The lighting design by Benjamin Cisterne worked very well. Generally a warmish raking light filled the stage brought out shadows and texture on the dancers while leaving their forms and outlines distinct enough to be able to appreciate their ability and nuance in the dancing, complementing very nicely and unobtrusively the choreography. Occasionally there was a brighter white light which filled the stage like a lighting flash and brought out each individual dancer in a pedantic, clinical way, like bad video and tended to trivialize and make small their movements, though seemed to be used for effect. The lighting also cleverly made the stage itself seem to glow from within, and sparing use of a bright clear crimson light was very effective. The backdrop of the stage, designed by Tony Assness, had a grid of thousands of closely spaced small bright lights with a gauzy curtain in front of them. They could be very beautiful or seem very utilitarian in a way which suited the attitude of the piece at the time, somehow miraculously never distracting from the dancing by their brightness or animation. There could be a starlike spread of scattered pricks suggesting an infinite receding background, or patterns — lines, slashes, or a full orb of light fading to the wings.

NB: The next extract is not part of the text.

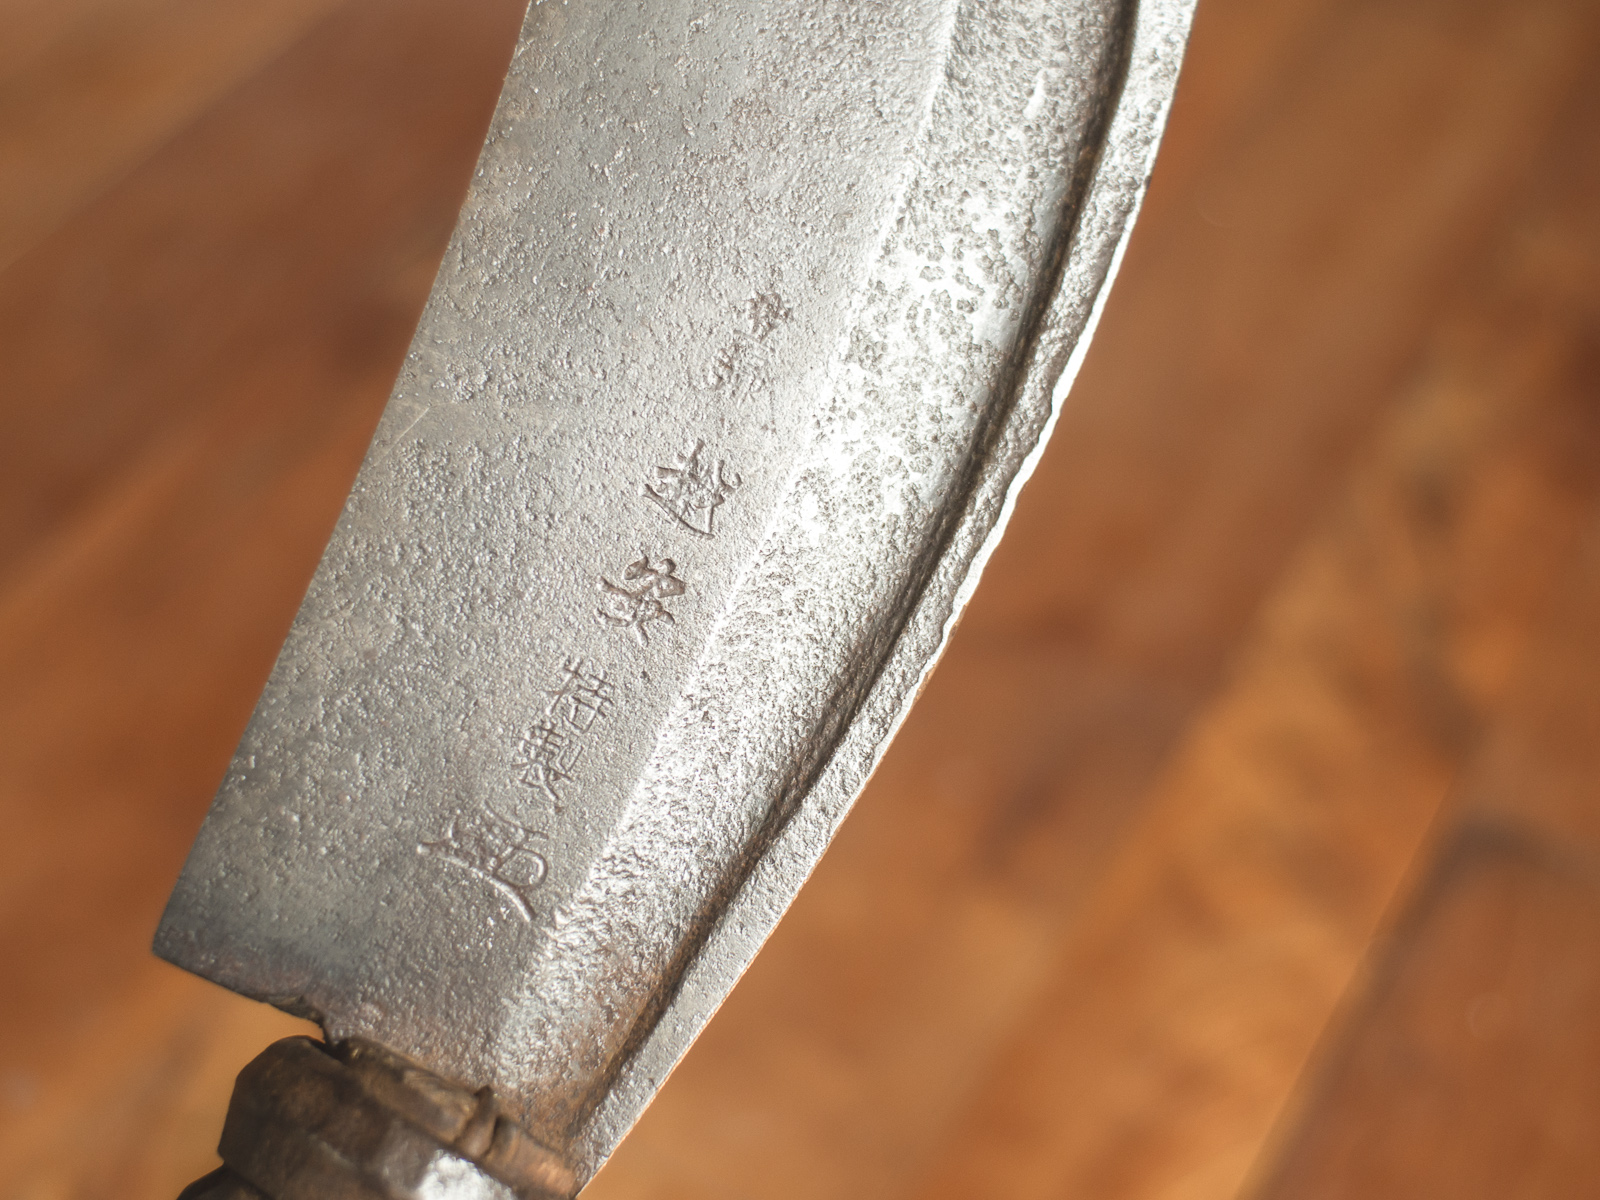 Island Blacksmith: Traditionally crafted knives from reclaimed steel.

Dance as a theatrical art, whether ballet or contemporary, interpretive dance, is of course a shared art form, and ideally the music is as important as the dancing, and it is wonderful when the two seem to stem from the same source inspiration. It is strange then to see a work where the music generally lags so far behind the choreography, as if the choreographer were wishfully seeking out depth and subtlety in the music which isn’t there, or as if the choreography never got the score it needed and deserved. If Rafael Bonachela had sought more consistent music, the piece could have been a truly great, integrated piece of theatre. It will be very interesting to see what he does with Rameau later this year when he collaborates with the Australian Chamber Orchestra. It is still successful though, not just at a ‘visual level,’ but it also carries one along and almost convinces that there is something more in the music, as if the visual cue leaks over into one’s more deprived ear. Though not a successful experiment in an ultimate Gesamkunstwerk with words, music, dancing and art, it still works very well and very satisfyingly as a piece of interpretive dance with beauty and humanity, with the darker unsettling side of experience.